Rural Health Care. With approximately 60 million people residing in rural areas, those communities face unique barriers to accessing care including distance and transportation, limited access to services and workforce shortages. Telehealth can be a cost-effective service delivery method to furnish care and services to beneficiaries. Medicaid law and regulations do not specifically address telehealth delivery methods or criteria allowing states broad flexibility in designing the parameters of telehealth delivery methods so long as the underlying services are consistent with the overarching provisions in section 1905(a) of the Social Security Act and the state’s own plan and policy framework as a Medicaid benefit. Federal requirements for efficiency, economy and quality of care must be satisfied in order to receive federal financial participation for Medicaid covered services. States are allowed to set different rates for services provided through telehealth delivery methods. A State Plan Amendment (SPA) is not required to incorporate telehealth delivery methods if there are no changes to the 1905(a) benefit descriptions, limitations or payment methodologies. An SPA is required when states add specific distinctions for coverage or different reimbursement methodologies for services provided through telehealth delivery methods. When using managed care delivery systems, Medicaid managed care plans are not limited by payment arrangements outlined in the state plan and could pay alternate fees for additional provider types or for other telehealth uses so as to improve access and increase provider capacity.

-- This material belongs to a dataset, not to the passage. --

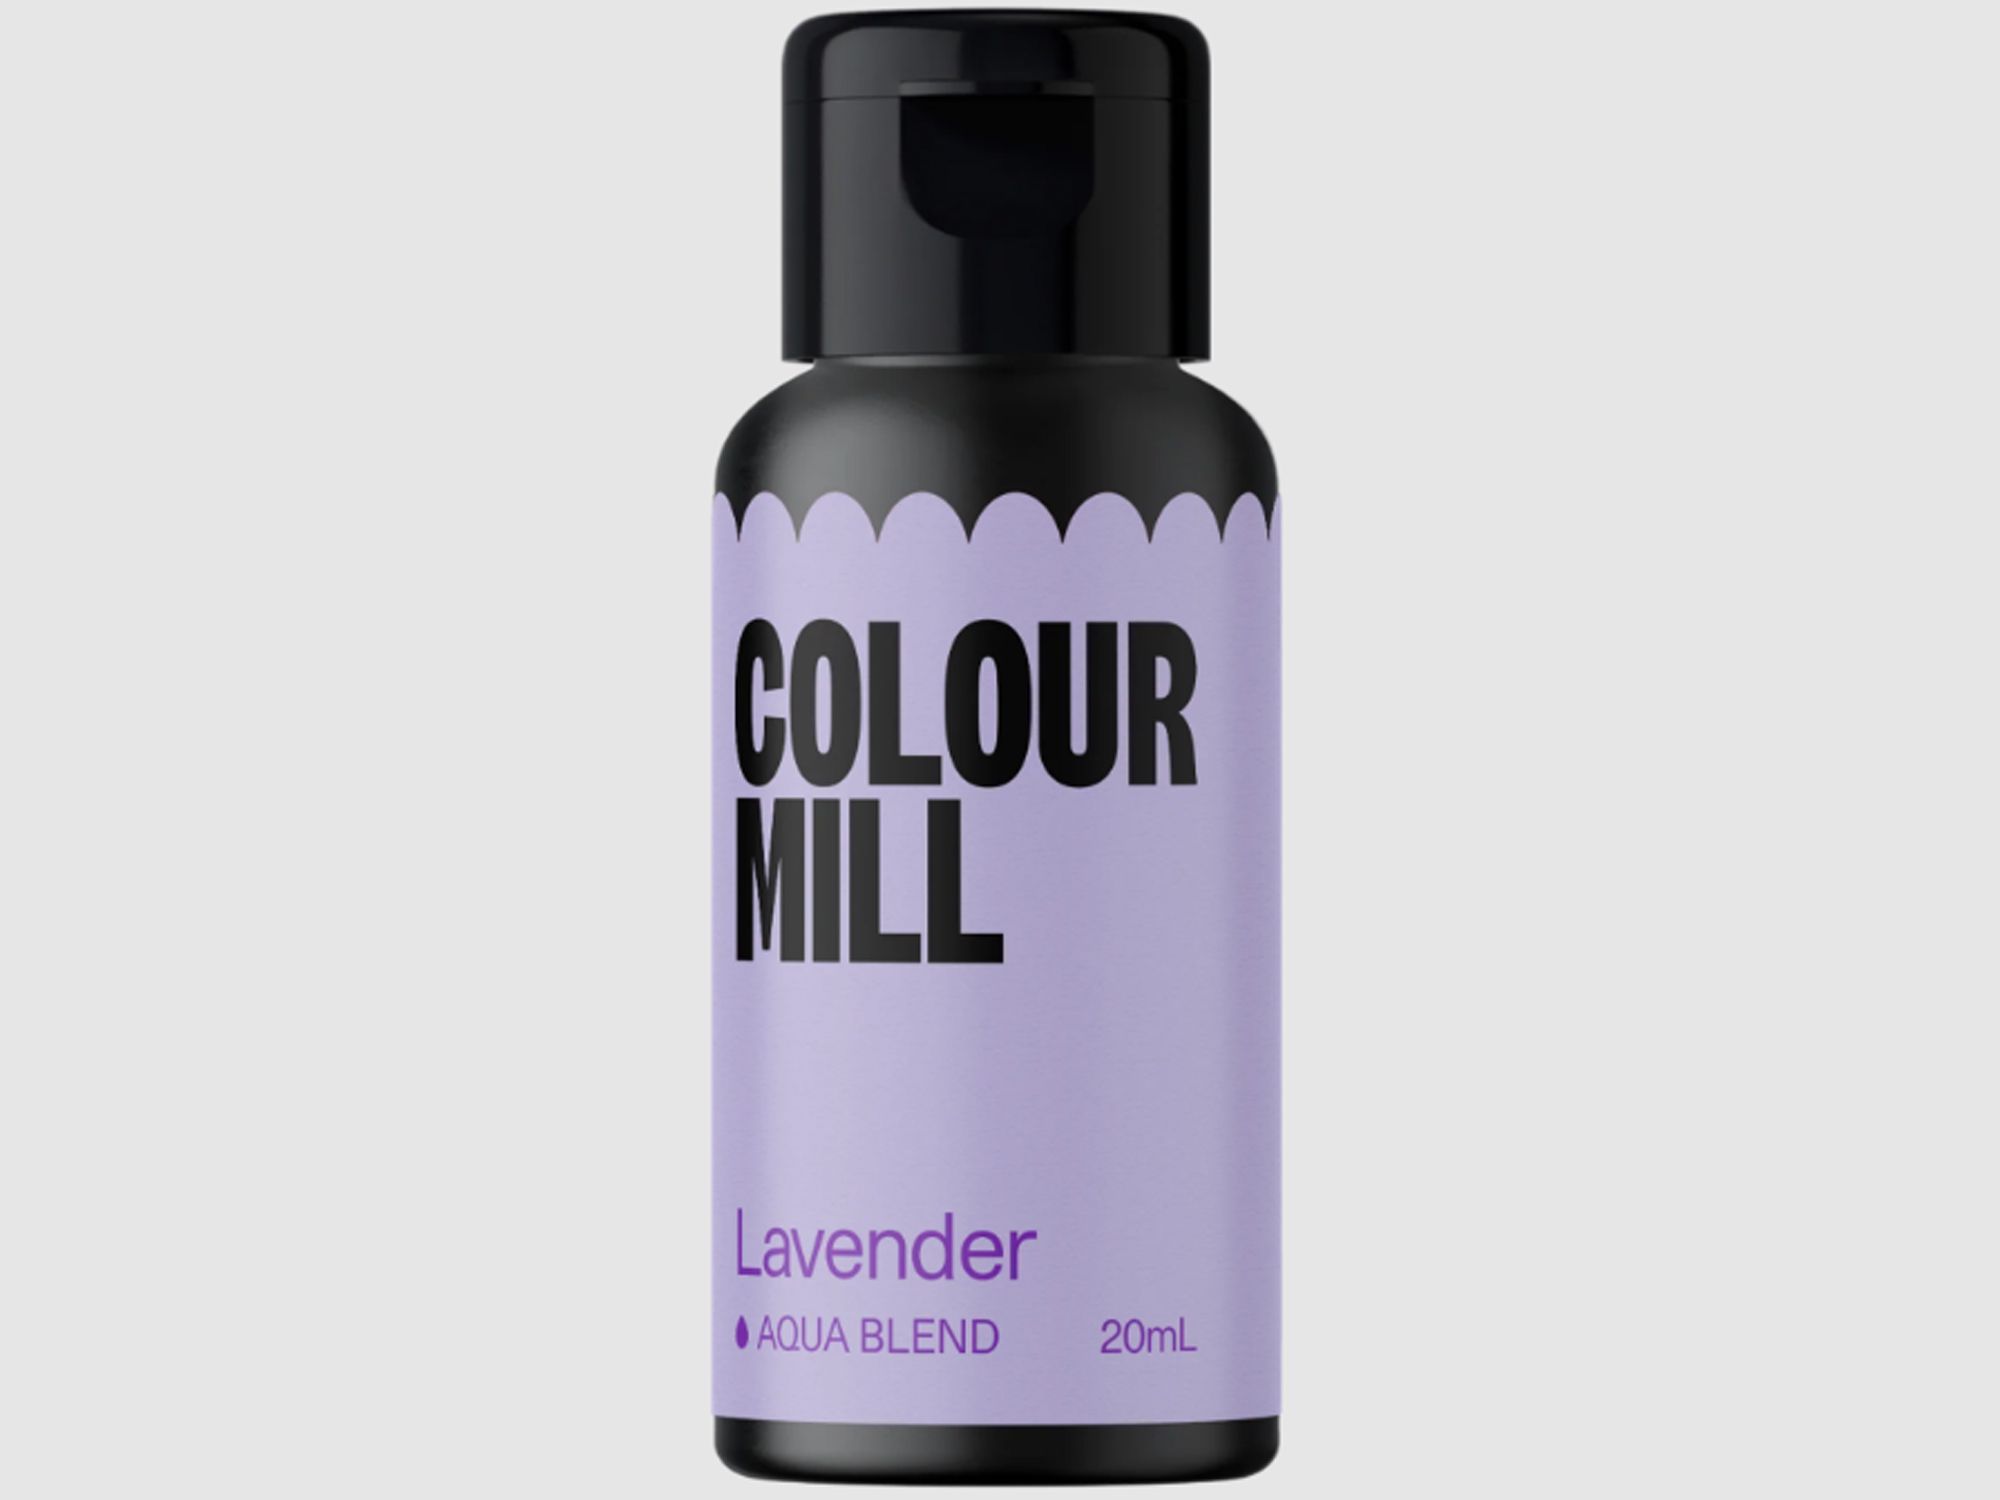 Colour Mill Lavender (Aqua Blend) 20ml

SUPPORT Act. Section 1009(b)(1) of the SUPPORT Act requires guidance to states on federal reimbursement for services and treatment for substance abuse disorders (SUDs) under Medicaid delivered via telehealth. In general, 1905(a) Medicaid benefits are covered for assessment, medication-assisted treatment, counseling, and medication management and medication adherence with prescribed medication regimen. The Controlled Substances Act (CSA) permits the prescribing of controlled substances via telemedicine in certain circumstances, but it is a per se violation of the CSA to issue a prescription for a controlled substance without having conducted at least one in-person medical evaluation.

School-based health centers (SBHC) are not a recognized Medicaid facility benefit, but they may qualify if they meet the requirements of the clinic benefit or the Federally Qualified Health Center benefit. States may elect to cover SUD treatment services such as assessments, counseling, or medication management under several Medicaid benefits.